The defense — read the source, ban the patterns, verify before shipping — is not new advice. It is what careful developers have always done. What is new is the speed and scale at which the failure can propagate: 3,600 lines committed before anyone ran a function, on a pipeline that will happily produce four more plugins tonight if the cron fires and the build-gate doesn't catch it. The workflow defense has to operate at the same speed as the generation. The banned-patterns grep runs in the pipeline. The skill file is in the context before the first token. Verification is not a step you do later. It is a step you do before.

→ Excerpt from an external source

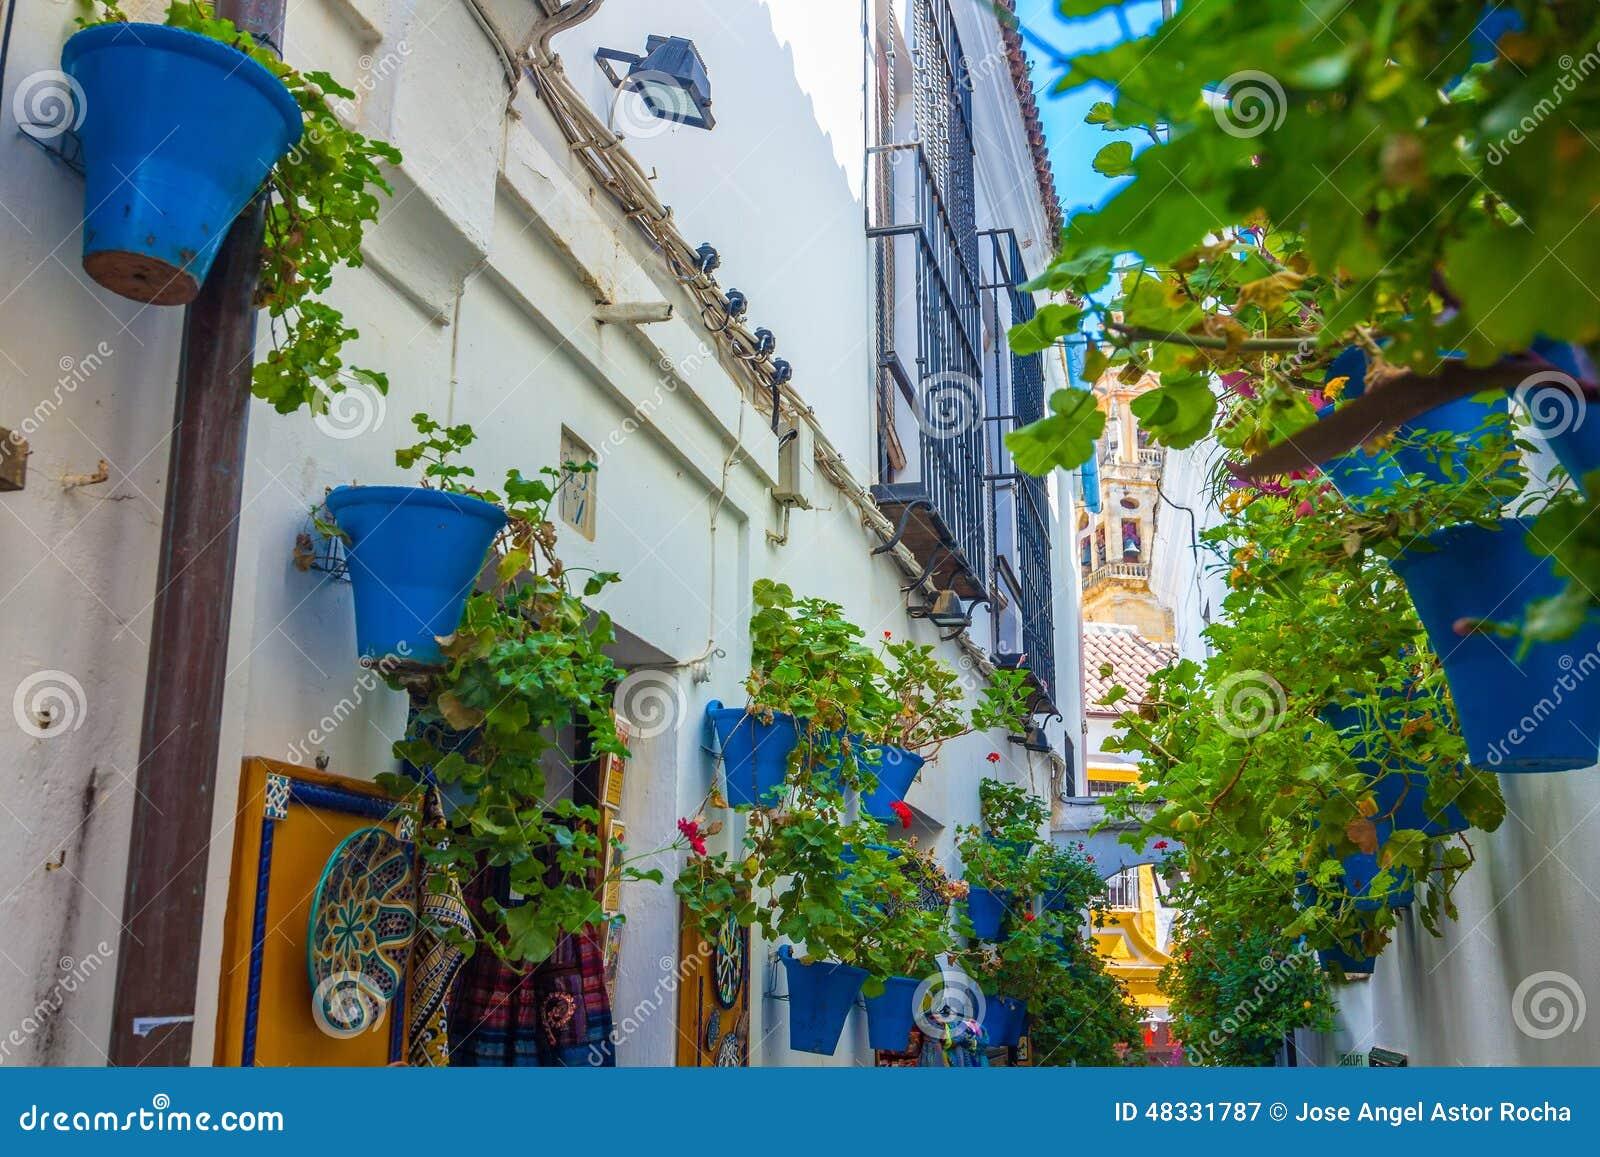 Pátio andaluz típico decorado com as flores na cidade de Córdova, Espanha

The full record of the first discovery is at brain/learnings/agents-hallucinate-apis.md. The event-shape discovery from the same debug session — the data.client_tool_call nesting — is documented alongside it. The banned-patterns list that came out of the Emdash incident is in the pipeline. The skill file for register-elevenlabs-client-tool has been updated to reflect the actual handler shape.

The next agent that writes an Emdash plugin will read the source first. Not because it learned to. Because the prompt that invokes it now says so.

¹ The ElevenLabs WebSocket protocol wraps the tool call one level deeper than the obvious shape: the event data object contains a client_tool_call key, and the tool name lives at data.client_tool_call.tool_name, not data.tool_name. The HeyGen passthrough preserves this structure without normalizing it. A handler reading data.tool_name will silently miss every tool call — the agent fires, the conversation log records it, the page does nothing. The fix is defensive: read from data.client_tool_call || data and resolve the tool name from whichever shape is present. This was the second discovery from the same debug session that surfaced the session.message problem.